WHAT TO PRODUCE: Look below for the line containing "イギリス アンティーク 真鍮製 ドアノブ 建具金物 11156"; from there, print each line exactly up to and including the line containing "Sweatshirt in braun-ecru-bedruckt", and stop.

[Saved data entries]
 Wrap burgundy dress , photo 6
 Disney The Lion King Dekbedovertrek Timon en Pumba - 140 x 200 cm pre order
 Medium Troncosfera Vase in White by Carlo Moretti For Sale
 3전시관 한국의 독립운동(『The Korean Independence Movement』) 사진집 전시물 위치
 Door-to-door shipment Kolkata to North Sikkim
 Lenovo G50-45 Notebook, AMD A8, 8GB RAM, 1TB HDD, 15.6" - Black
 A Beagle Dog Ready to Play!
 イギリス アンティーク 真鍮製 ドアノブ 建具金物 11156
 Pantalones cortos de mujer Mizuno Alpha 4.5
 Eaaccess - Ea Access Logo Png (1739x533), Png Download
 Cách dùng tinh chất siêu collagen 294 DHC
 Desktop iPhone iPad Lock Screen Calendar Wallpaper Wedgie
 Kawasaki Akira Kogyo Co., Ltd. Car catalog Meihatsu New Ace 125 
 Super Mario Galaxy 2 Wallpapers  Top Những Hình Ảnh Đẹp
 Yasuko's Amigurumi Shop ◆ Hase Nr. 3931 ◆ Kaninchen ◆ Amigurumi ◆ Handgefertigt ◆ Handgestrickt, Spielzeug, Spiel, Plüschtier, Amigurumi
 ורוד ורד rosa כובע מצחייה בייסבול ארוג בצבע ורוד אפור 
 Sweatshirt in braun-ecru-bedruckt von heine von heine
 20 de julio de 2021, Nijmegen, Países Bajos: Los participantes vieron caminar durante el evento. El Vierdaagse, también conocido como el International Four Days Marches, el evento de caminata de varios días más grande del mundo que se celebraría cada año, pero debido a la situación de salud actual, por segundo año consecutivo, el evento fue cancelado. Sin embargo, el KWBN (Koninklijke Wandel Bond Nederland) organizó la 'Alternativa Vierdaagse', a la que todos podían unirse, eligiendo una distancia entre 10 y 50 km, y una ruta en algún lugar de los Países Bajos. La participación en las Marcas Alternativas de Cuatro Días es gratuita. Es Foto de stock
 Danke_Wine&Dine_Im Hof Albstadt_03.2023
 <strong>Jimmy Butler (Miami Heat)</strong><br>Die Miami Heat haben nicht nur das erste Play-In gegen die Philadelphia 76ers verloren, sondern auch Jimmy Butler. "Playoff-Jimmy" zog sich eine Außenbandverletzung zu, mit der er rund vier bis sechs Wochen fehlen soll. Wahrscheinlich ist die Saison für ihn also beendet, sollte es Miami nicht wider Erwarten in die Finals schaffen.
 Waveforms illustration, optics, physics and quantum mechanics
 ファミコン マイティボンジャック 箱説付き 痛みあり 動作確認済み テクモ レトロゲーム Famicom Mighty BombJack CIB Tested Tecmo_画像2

RESPONSE TO THIS EXERCISE:
 イギリス アンティーク 真鍮製 ドアノブ 建具金物 11156
 Pantalones cortos de mujer Mizuno Alpha 4.5
 Eaaccess - Ea Access Logo Png (1739x533), Png Download
 Cách dùng tinh chất siêu collagen 294 DHC
 Desktop iPhone iPad Lock Screen Calendar Wallpaper Wedgie
 Kawasaki Akira Kogyo Co., Ltd. Car catalog Meihatsu New Ace 125 
 Super Mario Galaxy 2 Wallpapers  Top Những Hình Ảnh Đẹp
 Yasuko's Amigurumi Shop ◆ Hase Nr. 3931 ◆ Kaninchen ◆ Amigurumi ◆ Handgefertigt ◆ Handgestrickt, Spielzeug, Spiel, Plüschtier, Amigurumi
 ורוד ורד rosa כובע מצחייה בייסבול ארוג בצבע ורוד אפור 
 Sweatshirt in braun-ecru-bedruckt von heine von heine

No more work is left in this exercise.